Accuracy of LazBF substrate classification models trained on embeddings from Vanilla-ESM (green), ESM trained on a subset of PeptideAtlas (orange), ESM trained on LazBF substrates/non-substrates (blue), and ESM trained on LazDEF substrates/non-substrates (pink) in the a) high-N condition, b) medium-N condition, and c) low-N condition.
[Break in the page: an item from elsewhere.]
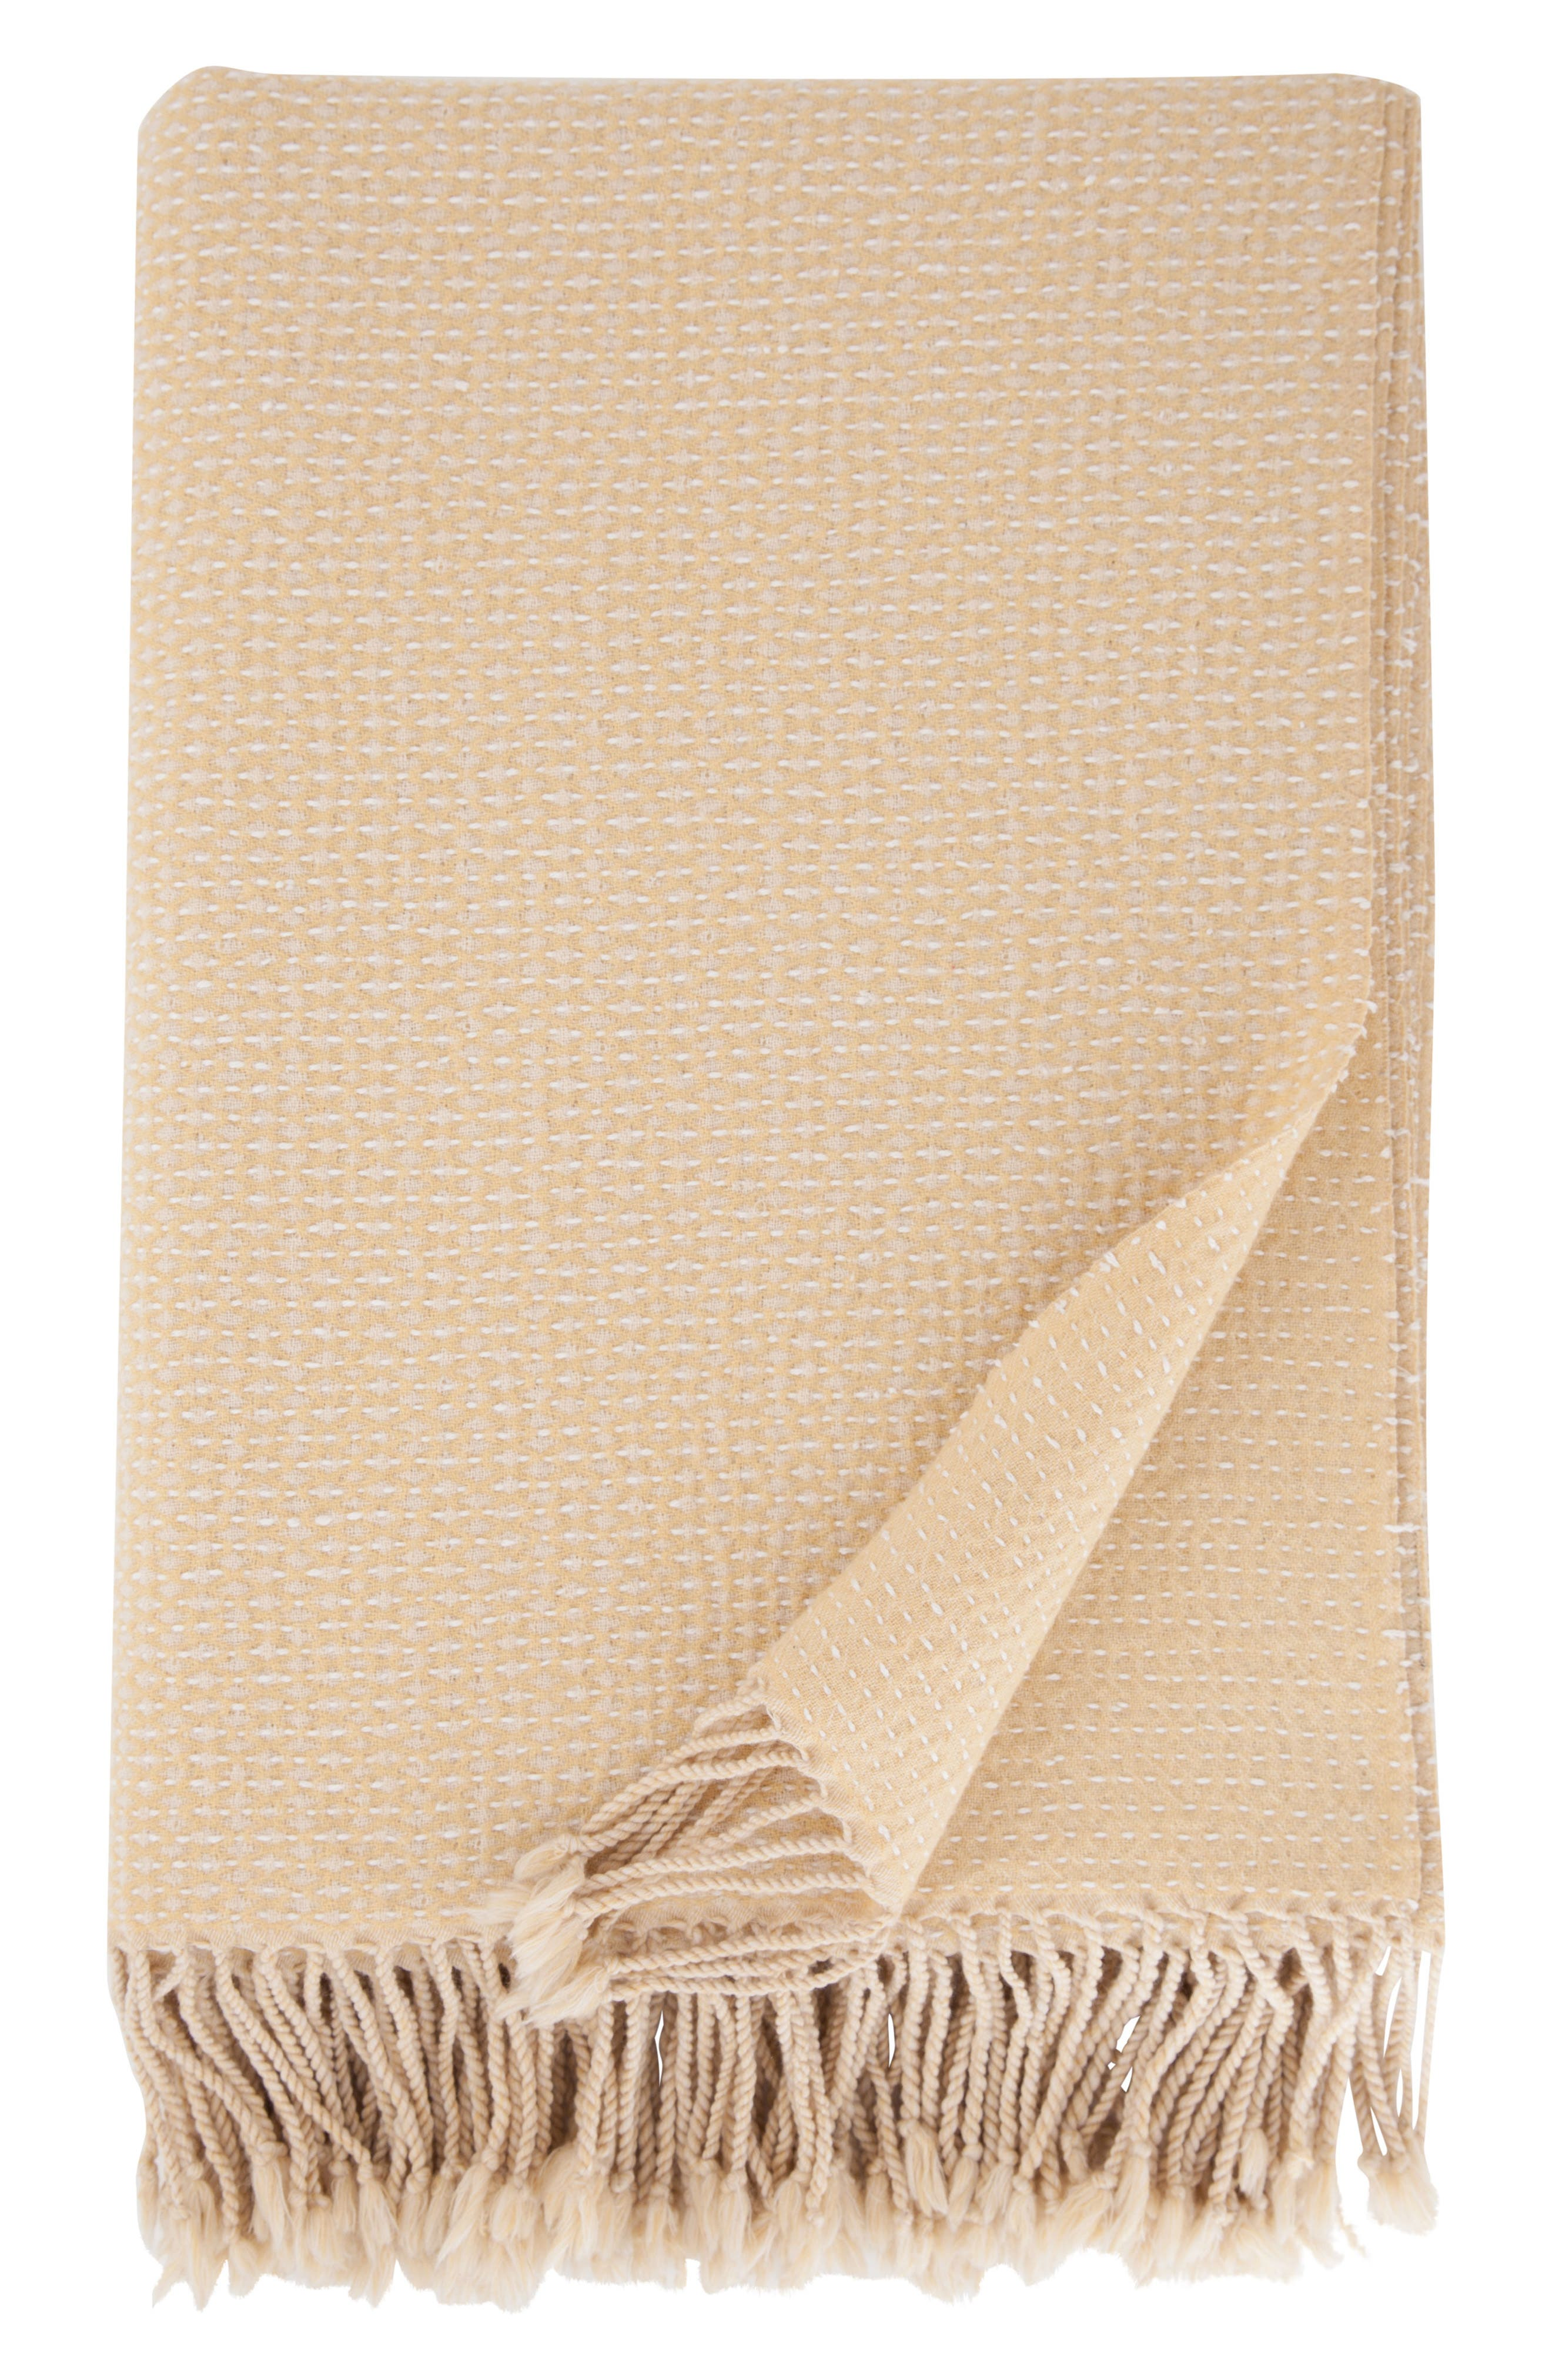 Modern Staples Hand Embroidered Merino Wool Blanket
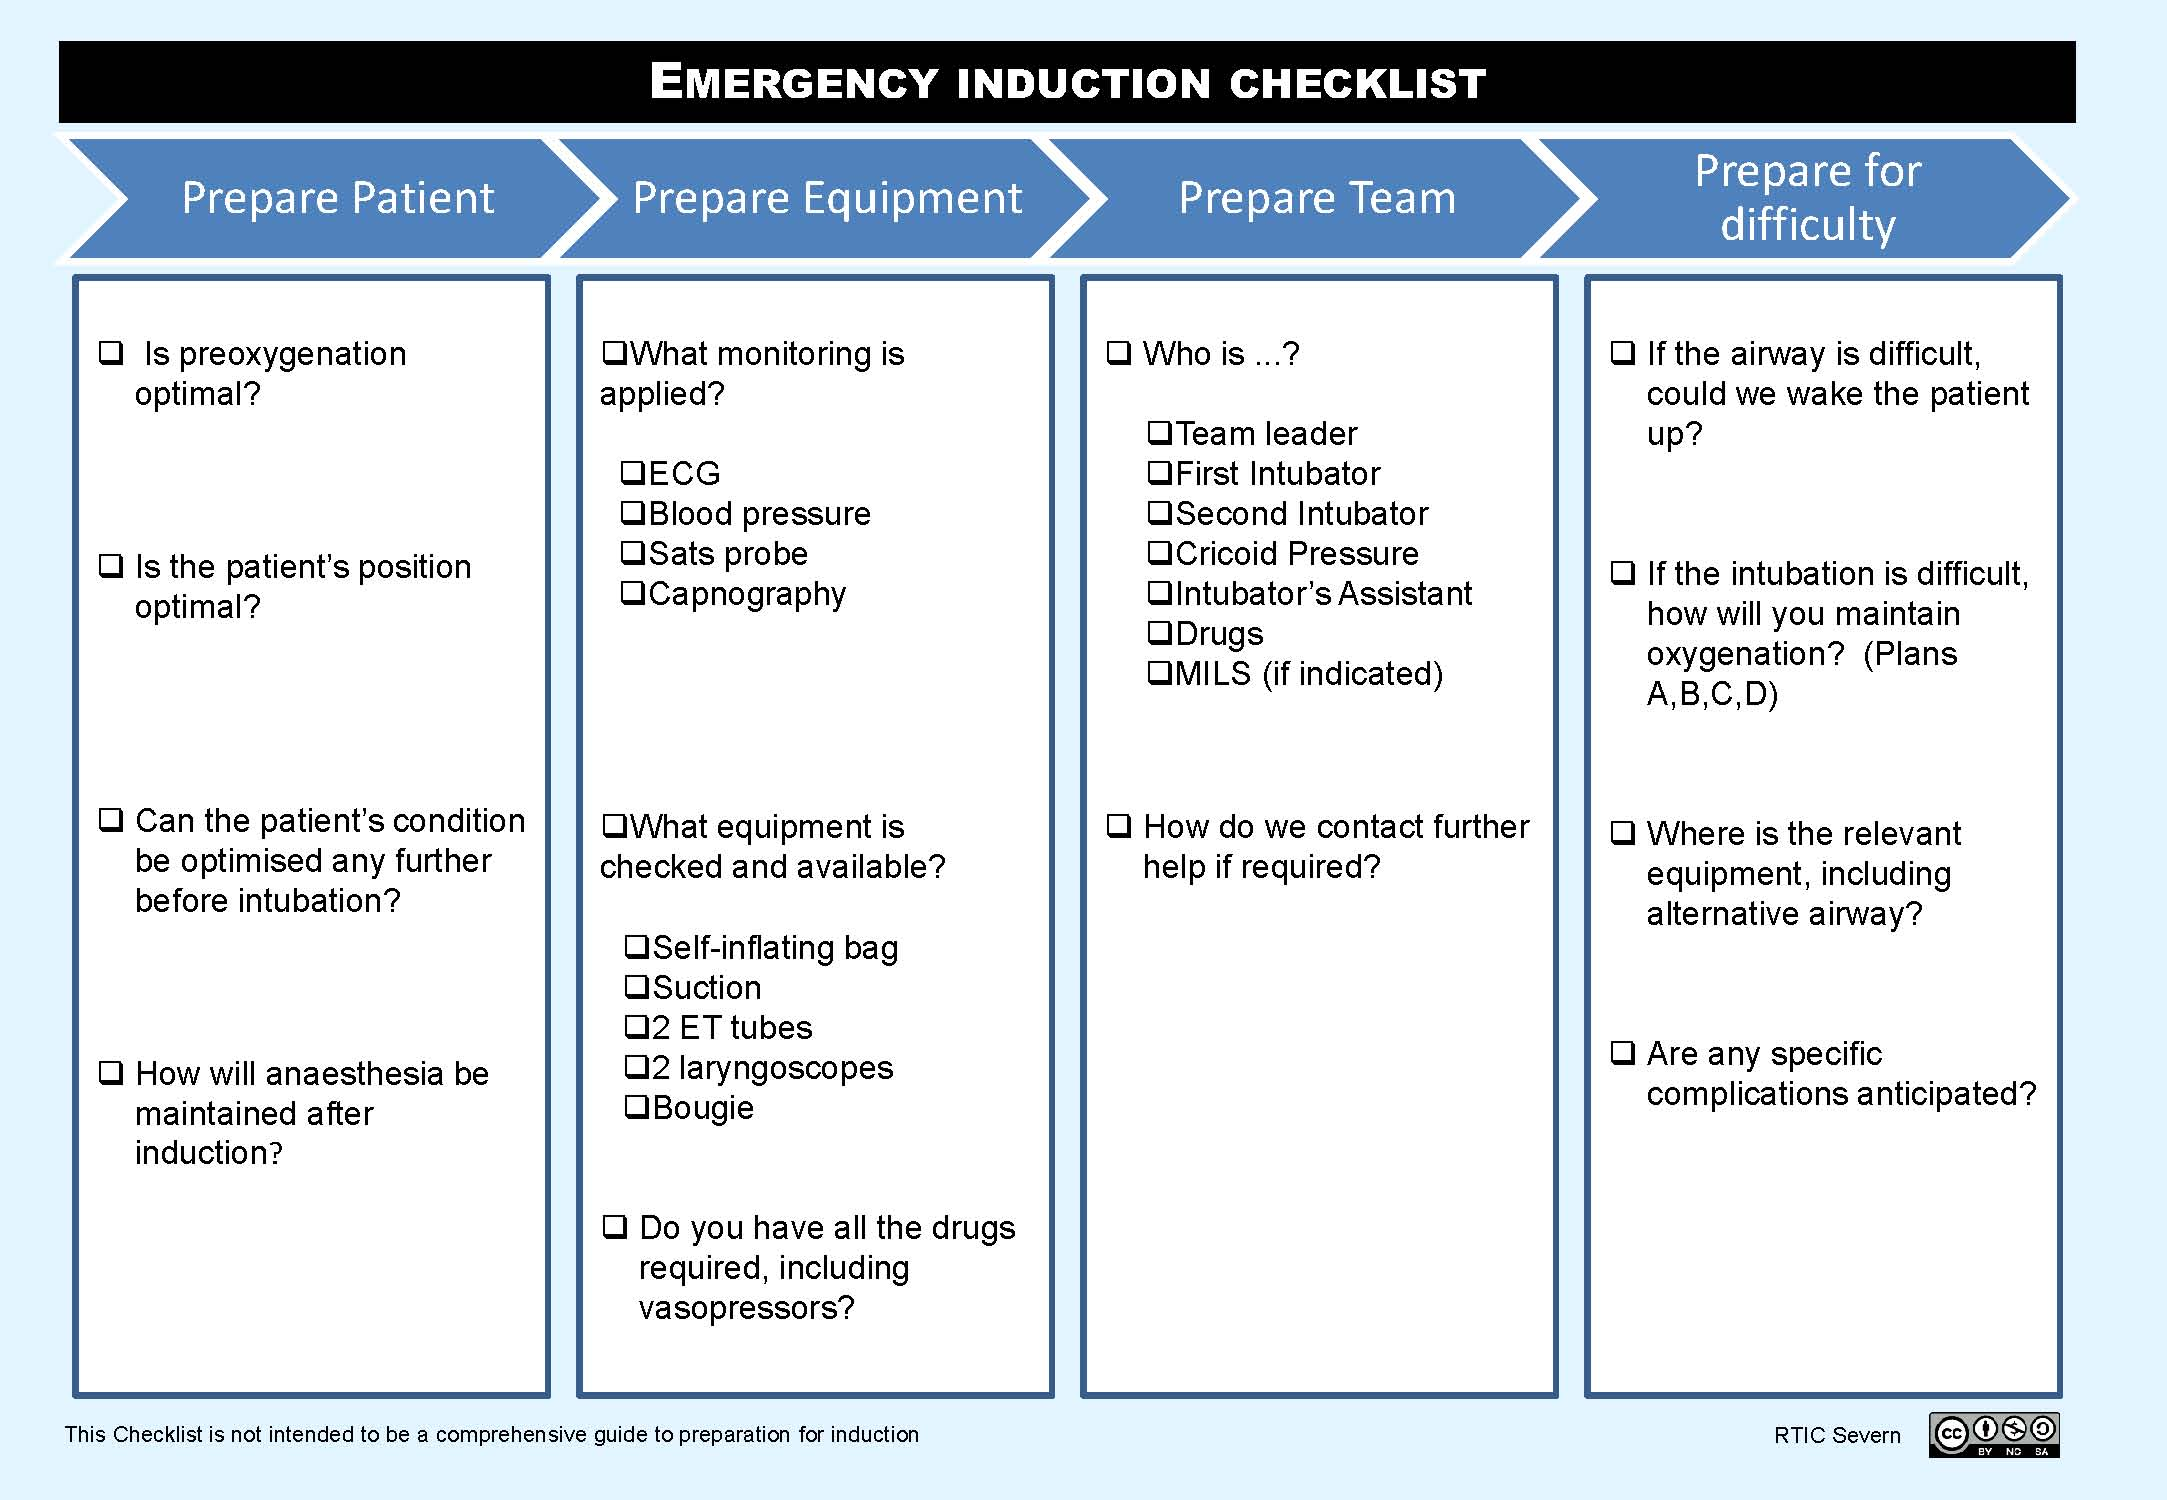 RTIC Severn checklist

A star indicates the top performing model for each set of embeddings.

Figure 7:

Fine-tuned LazBF-ESM and fine-tuned LazDEF-ESM produce correlated integrated gradients for LazBF substrates/non-substrates. a) The average contribution of each position to substrate fitness shows a 0.81 spearmanr between the two models. b) The average contribution of each amino acid to substrate fitness shows a 0.80 spearmanr between the two models.

Figure 8:

Attention maps from the fine-tuned LazBF-ESM. [BOS] and [EOS] tokens mark the “beginning of sequence” and “end of sequence” respectively. a) Middle and later layers focus on specific residues and motifs. b) Attention heads from the penultimate layer highlight a motif with high pairwise epi-scores in a LazBF substrate. c) Attention heads from the final layer highlight a residue important for substrate fitness in a LazDEF substrate.